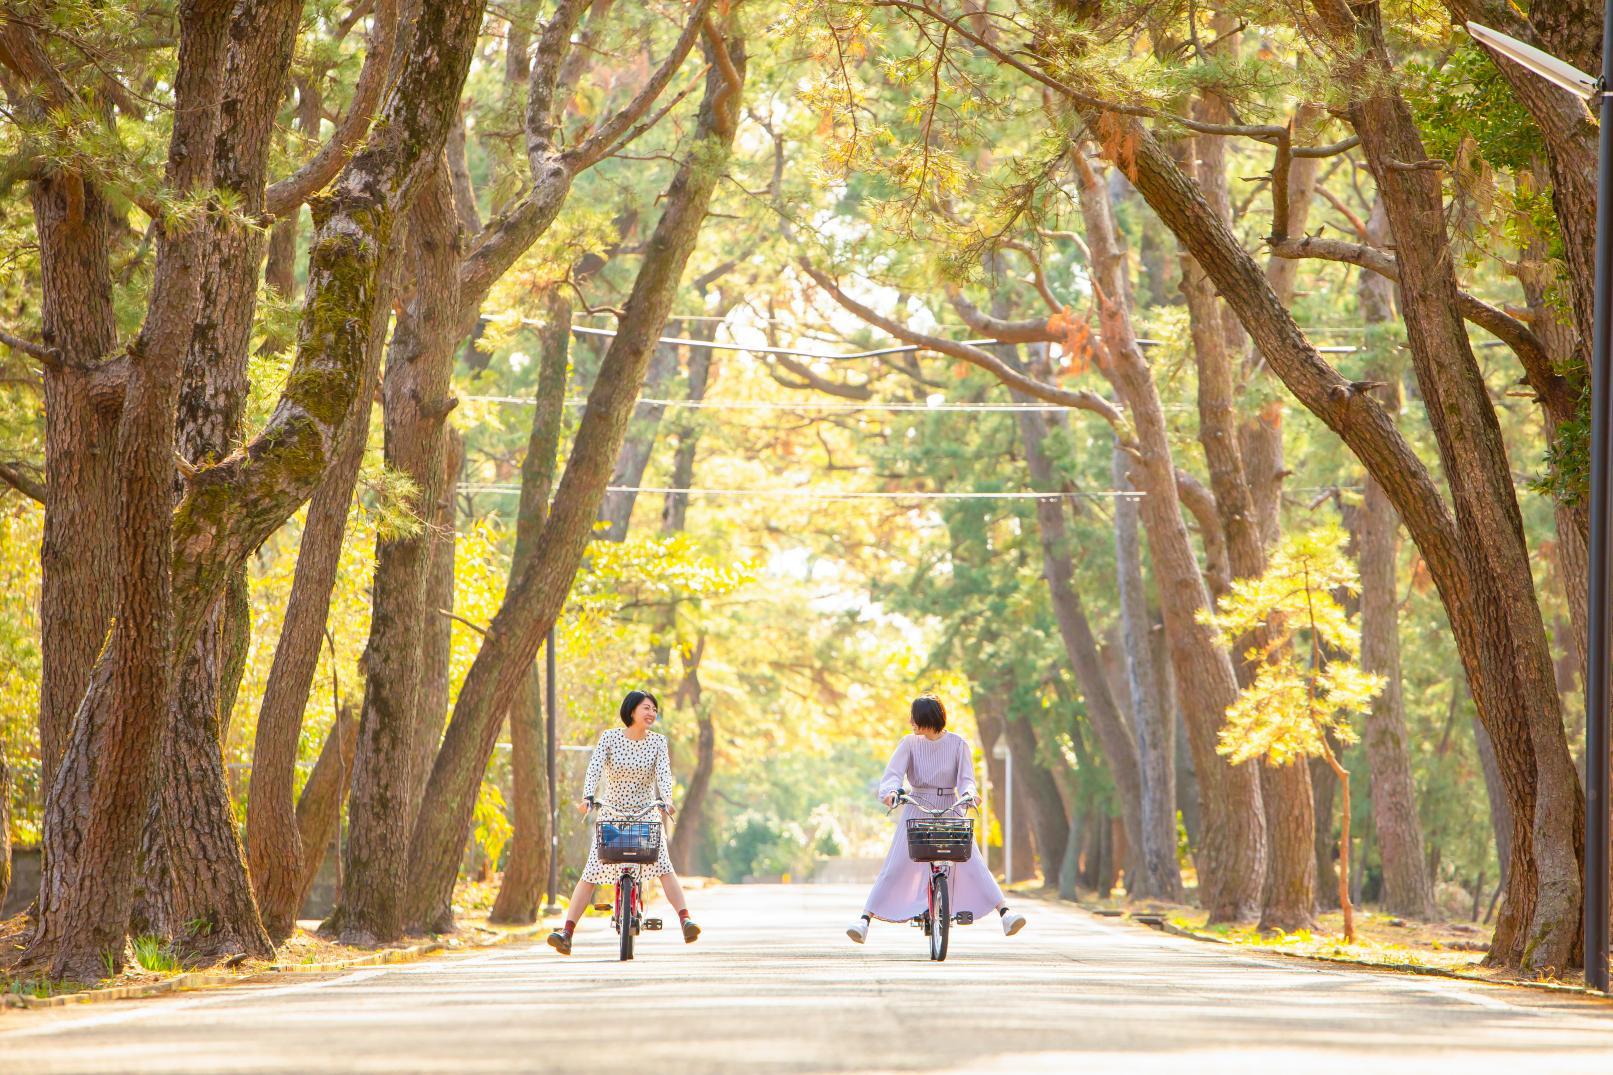 Avenue of Pines - Hime no Matsubara-1
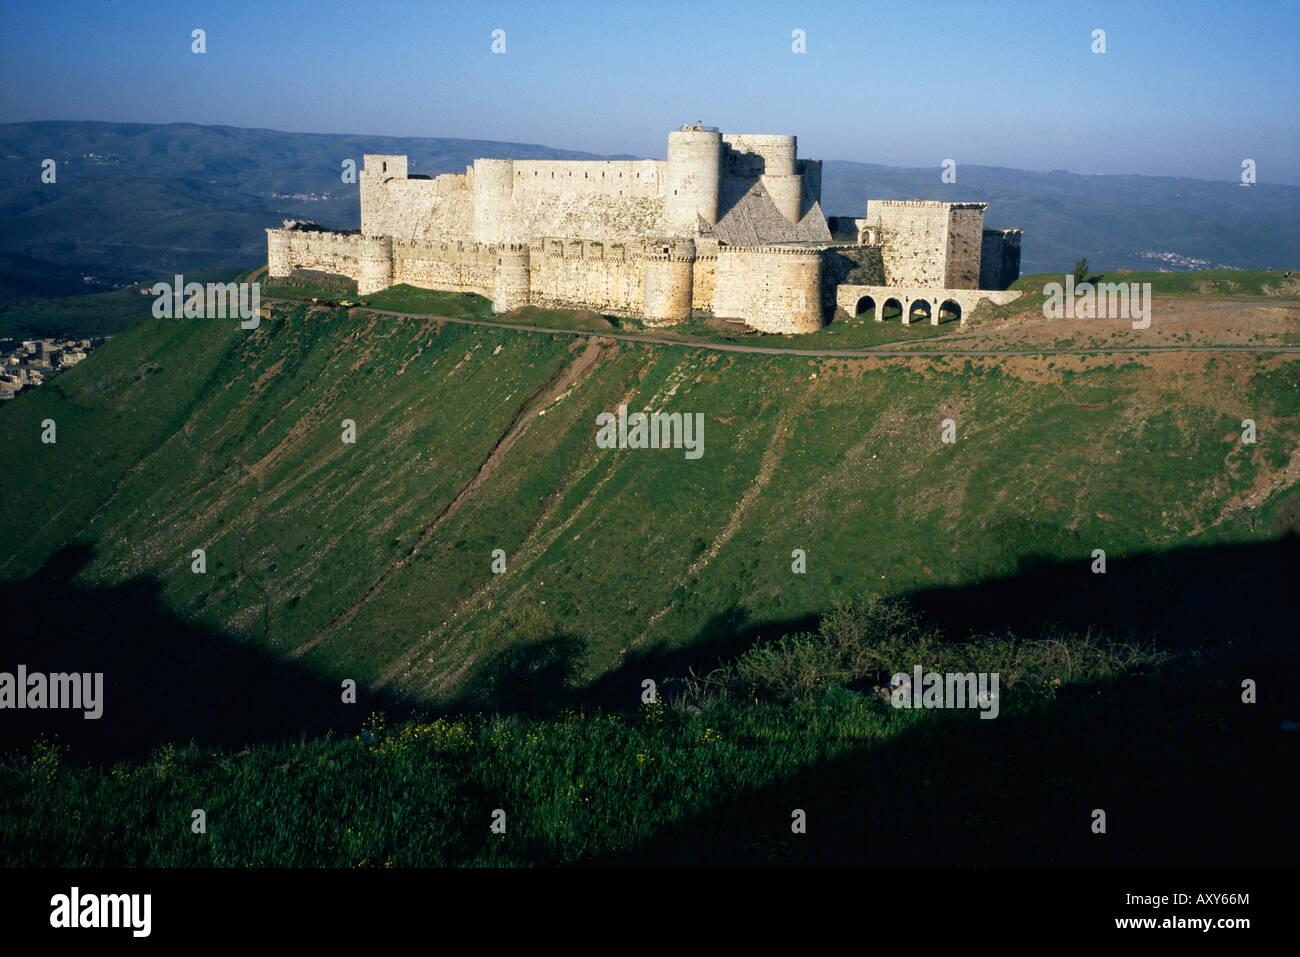 Crusader castle, Krak des Chevaliers, near Homs, Syria, Middle East - Stock Image
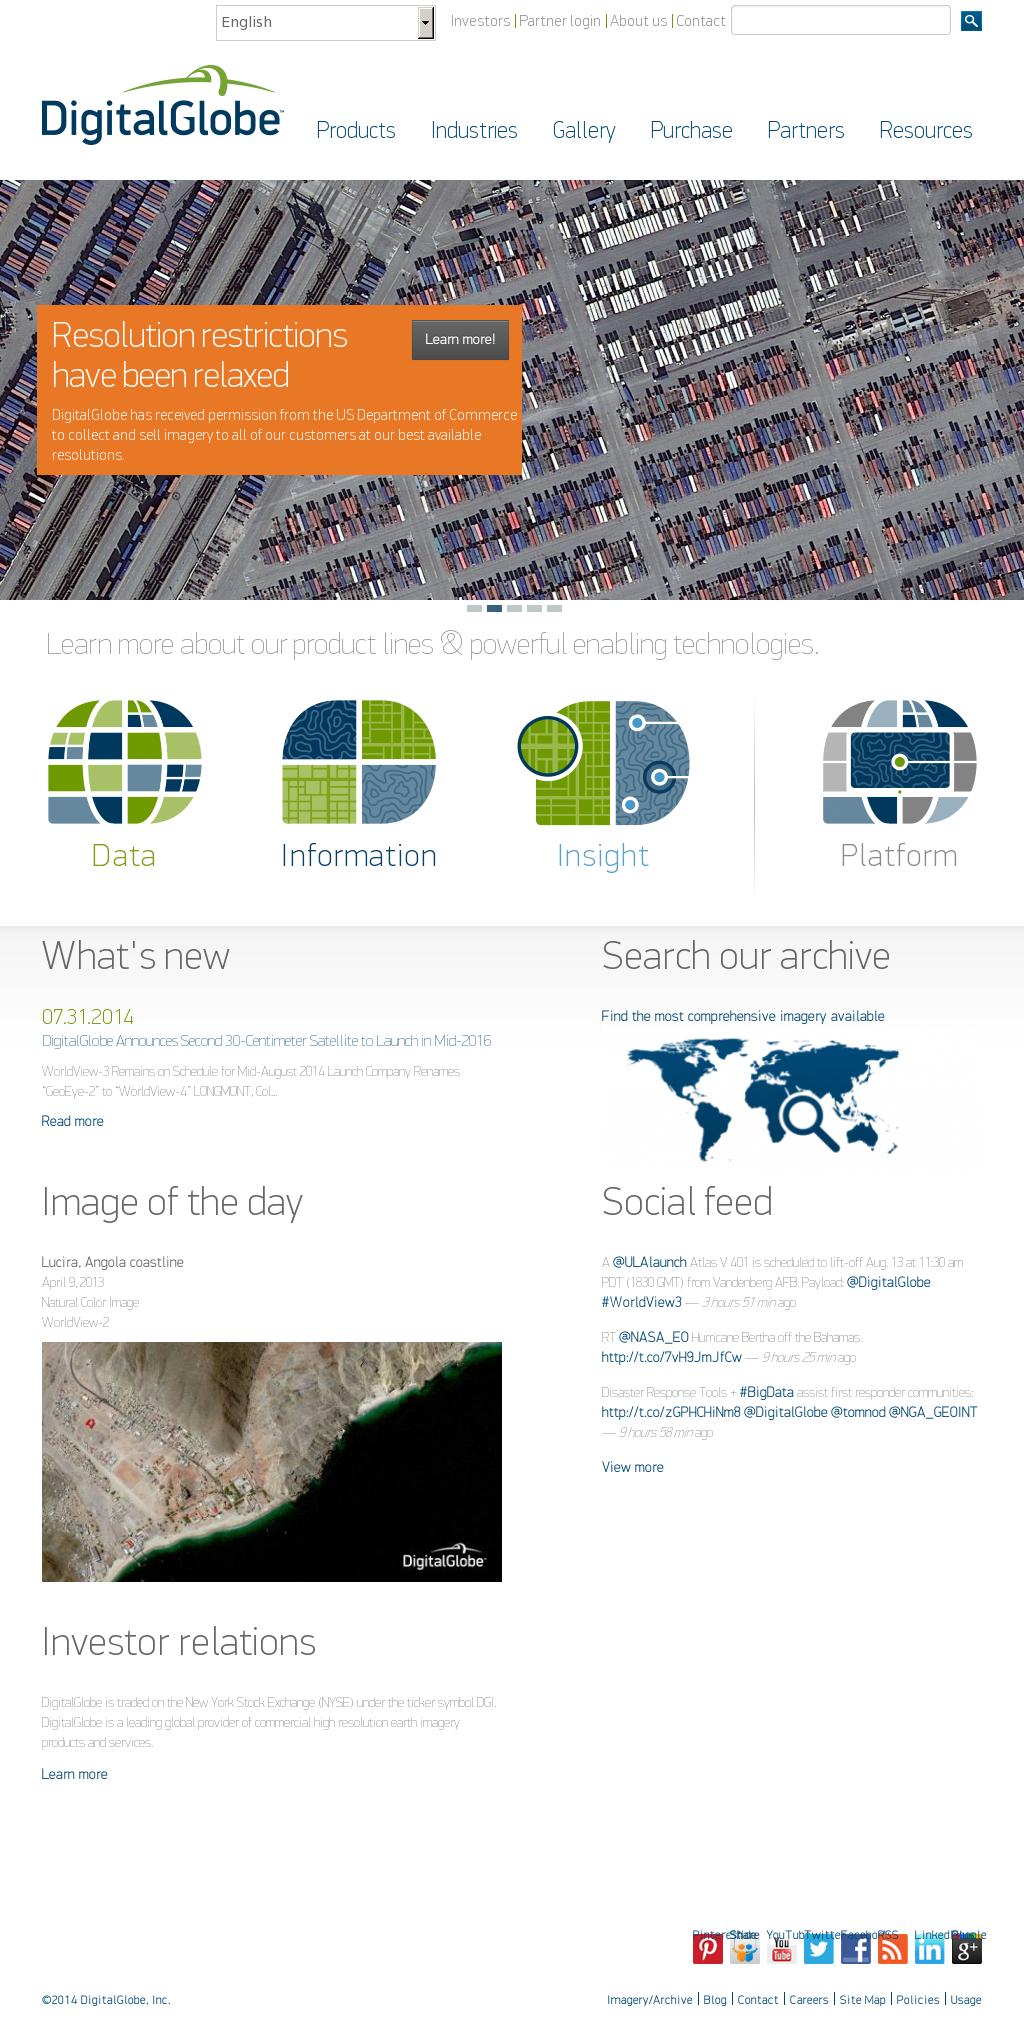 DigitalGlobe Competitors, Revenue and Employees - Owler Company Profile
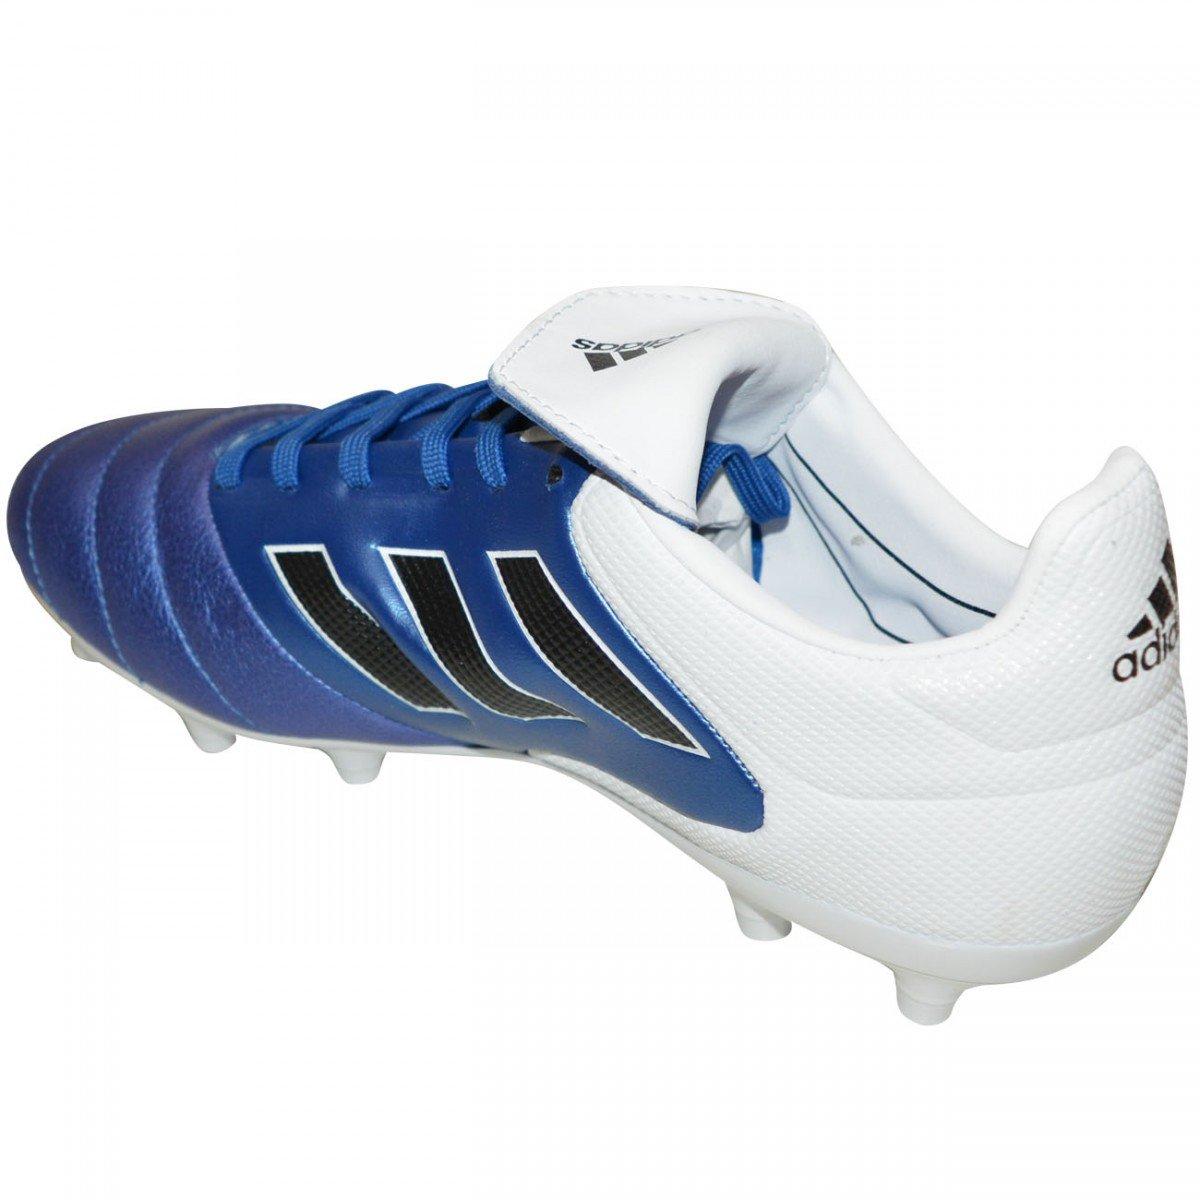 ... Chuteira Chuteira Adidas Adidas Copa Azul e Chuteira e Branco Copa  Adidas Copa Azul Branco Azul ... efdd36aff377e
-------
• _Work to complete_
Repeat every line of the data exactly, but do not include pictures.

• _Written response_
 Avenue of Pines - Hime no Matsubara-1
 Crusader castle, Krak des Chevaliers, near Homs, Syria, Middle East - Stock Image
 DigitalGlobe Competitors, Revenue and Employees - Owler Company Profile
 ... Chuteira Chuteira Adidas Adidas Copa Azul e Chuteira e Branco Copa  Adidas Copa Azul Branco Azul ... efdd36aff377e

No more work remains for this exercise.